EX-10.1.18 17 file009.htm SUBORDINATION AGREEMENT


                                                                 Exhibit 10.1.18


                             SUBORDINATION AGREEMENT


                  SUBORDINATION AGREEMENT dated as of June 30, 2004 (this
"Agreement") between Ormat Technologies, Inc., a Delaware corporation (together
with its successors and assigns, the "Junior Lender"), and Hudson United Bank, a
bank organized under the laws of the State of New Jersey (together with its
successors and assigns, "Hudson United").

                              W I T N E S S E T H :


                  WHEREAS, Ormat Nevada Inc., a Delaware corporation ("Ormat
Nevada"), is a wholly owned Subsidiary of the Junior Lender;

                  WHEREAS, Ormat Nevada is a party to the Letter of Credit and
Loan Agreement of even date herewith (as amended, supplemented or otherwise
modified from time to time, the "HUB Credit Agreement") with Hudson United;

                  WHEREAS, Ormat Nevada has intercompany indebtedness to the
Junior Lender which is evidenced by the Credit Facility dated December 18, 2003
in an amount up to $80,000,000, and Ormat Nevada has proposed to incur
additional intercompany indebtedness to the Junior Lender which is evidenced by
the Credit Facility of even date herewith in an amount up to $78,000,000 (as
amended, supplemented or otherwise modified from time to time, the "Second
Junior Credit Facility") from Ormat Nevada in favor of the Junior Lender; and

                  WHEREAS, the Junior Lender and Ormat Nevada have agreed to
execute and deliver this Agreement subordinating the Junior Lender's rights with
respect to the Junior Obligations (as defined below) to the rights of Hudson
United with respect to the HUB Obligations (as defined below);

                  NOW, THEREFORE, in consideration of the promises contained
herein, the Junior Lender agrees as follows:

                  SECTION 1.        DEFINITIONS.

                  All capitalized terms not otherwise defined herein shall have
the meanings set forth in the HUB Credit Agreement, and the rules of usage set
forth therein shall apply hereto.

                  SECTION 2.        SUBORDINATION.

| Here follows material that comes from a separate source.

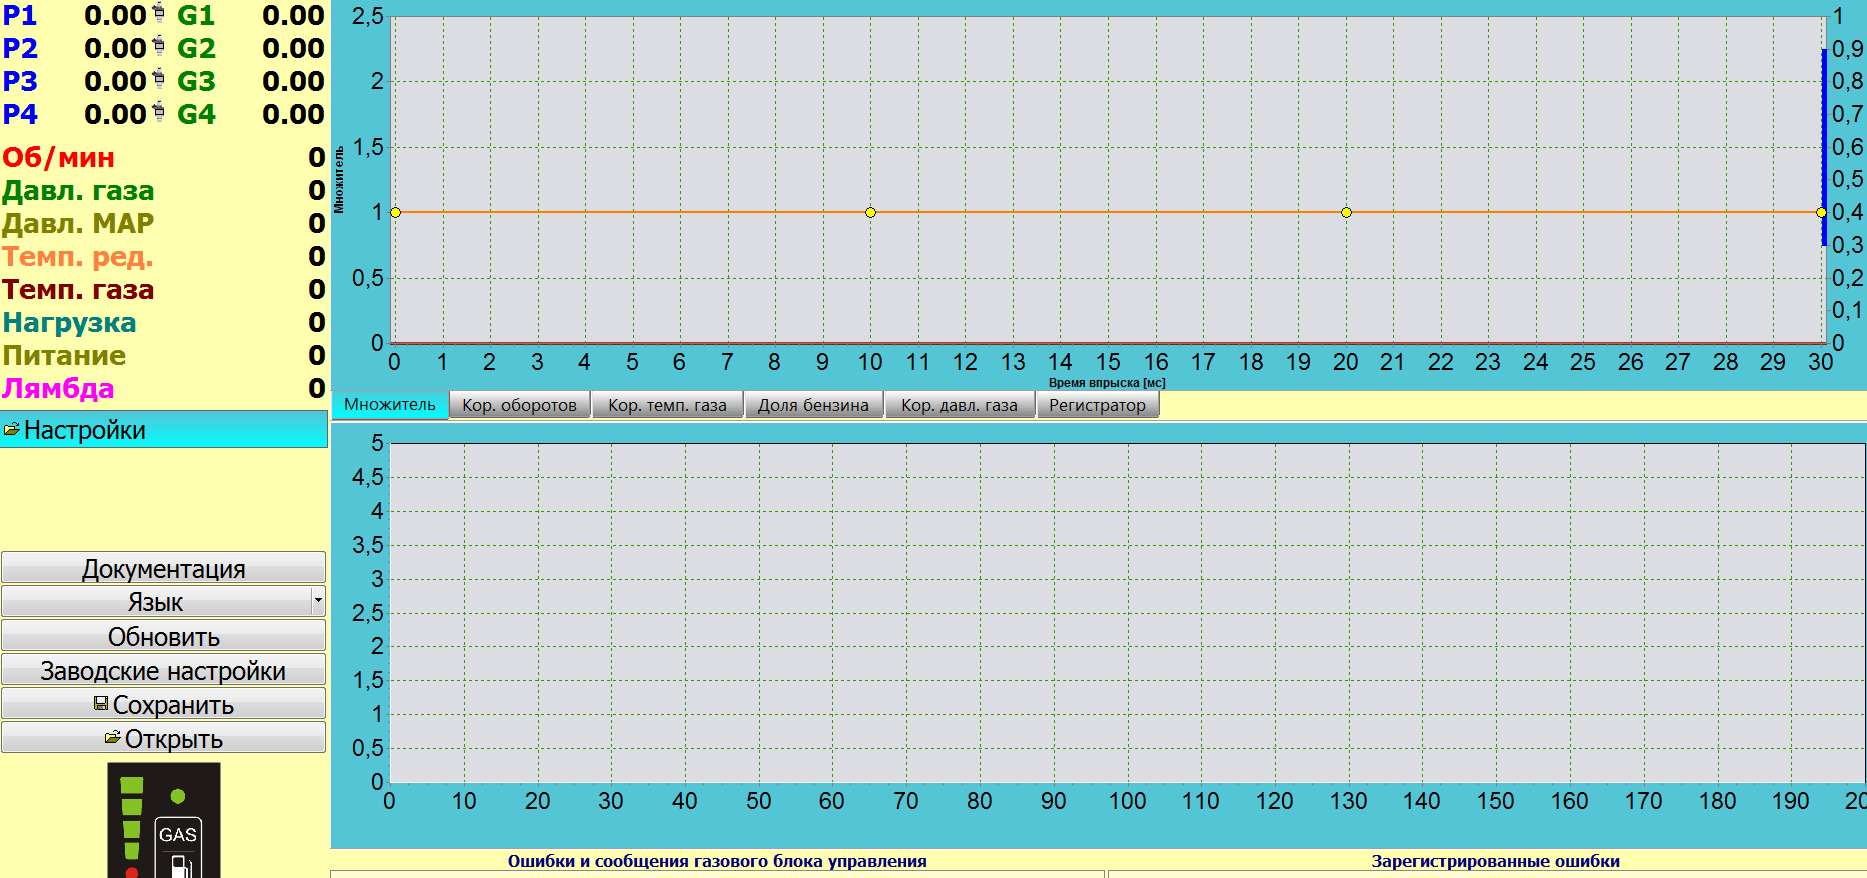 Digitronic maxi Главное окно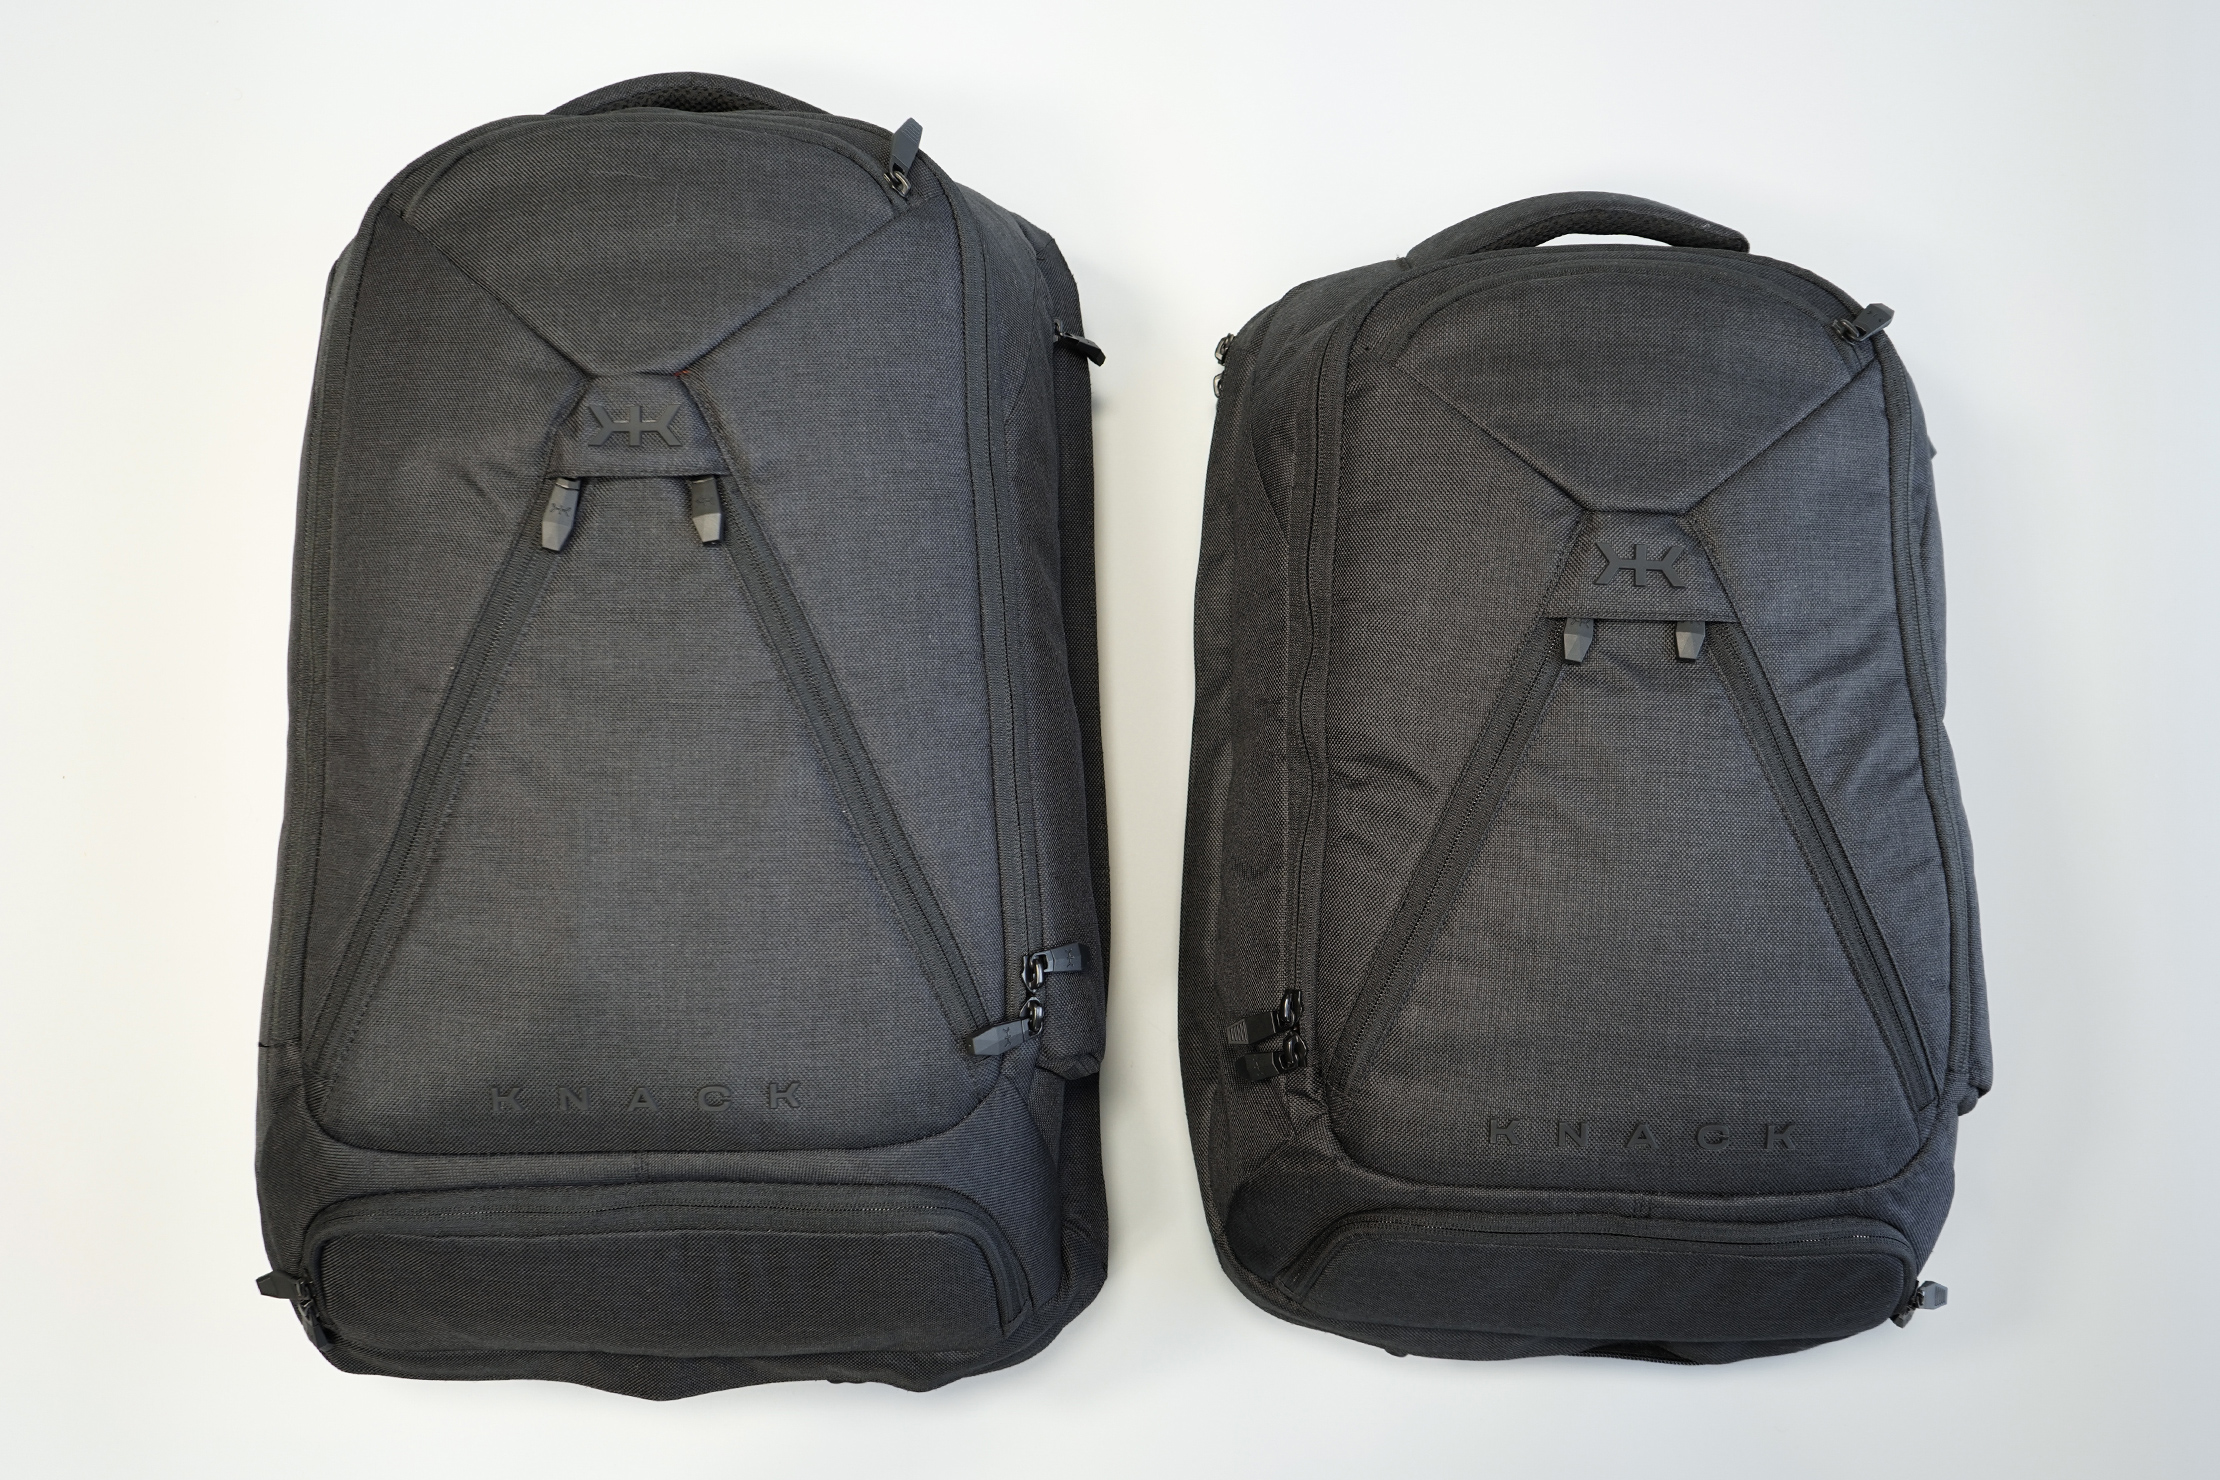 Knack Large Expandable Pack (Left) & Medium Expandable Pack (Right)

                 (a)  All Junior Obligations, and all rights and remedies of the
Junior Lender with respect thereto, are and shall at all times continue to be
subject, subordinate and junior in right of payment in the manner provided
herein to the HUB Obligations including, without limitation, all interest on the
HUB Obligations at the applicable rates stated in the HUB Credit Agreement from
the date of the filing by or against Ormat Nevada of a petition under any
bankruptcy, insolvency or similar law to the date of the indefeasible payment in
full of the HUB Obligations, in each case whether or not such interest is an
allowable claim under any such law or in any case or proceeding thereunder
("Postpetition Interest"). The term "Junior Obligations," as used in this
Agreement, shall mean the Liabilities of Ormat Nevada to the Junior Lender






under the Second Junior Credit Facility (including extensions, modifications,
refinancings, renewals and refundings thereof). The term "HUB Obligations," as
used in this Agreement, shall mean the principal amount of and premium, if any,
and interest (including, without limitation, Postpetition Interest) on all
Obligations of Ormat Nevada to Hudson United under the HUB Credit Agreement
together with all fees, costs and expenses relating thereto, whether direct or
contingent, now or hereafter existing, due or to become due to, or held or to be
held by, Hudson United (including extensions, modifications, refinancings,
renewals and refundings thereof).

                 (b)  The Junior Lender shall not receive or accept any payment
on the Junior Obligations, whether as principal, premium, interest or otherwise
(including by setoff or right of recoupment) if, and for so long as, a Default
has occurred under the HUB Credit Agreement or a Default would occur under the
HUB Credit Agreement as a result of any such payment, unless and until all the
HUB Obligations including, without limitation, all Post-petition Interest have
been paid in full in cash.

                 (c)  Any amounts received by the Junior Lender as payment on
the Junior Obligations in violation of this Agreement shall be held in trust for
Hudson United and, as soon as possible, turned over to Hudson United and applied
against the HUB Obligations until the Commitment has been terminated, the HUB
Obligations have been paid in full in cash and all Letters of Credit have (at
Ormat Nevada's option or if required by the HUB Credit Agreement) been fully
cash collateralized or have terminated or expired.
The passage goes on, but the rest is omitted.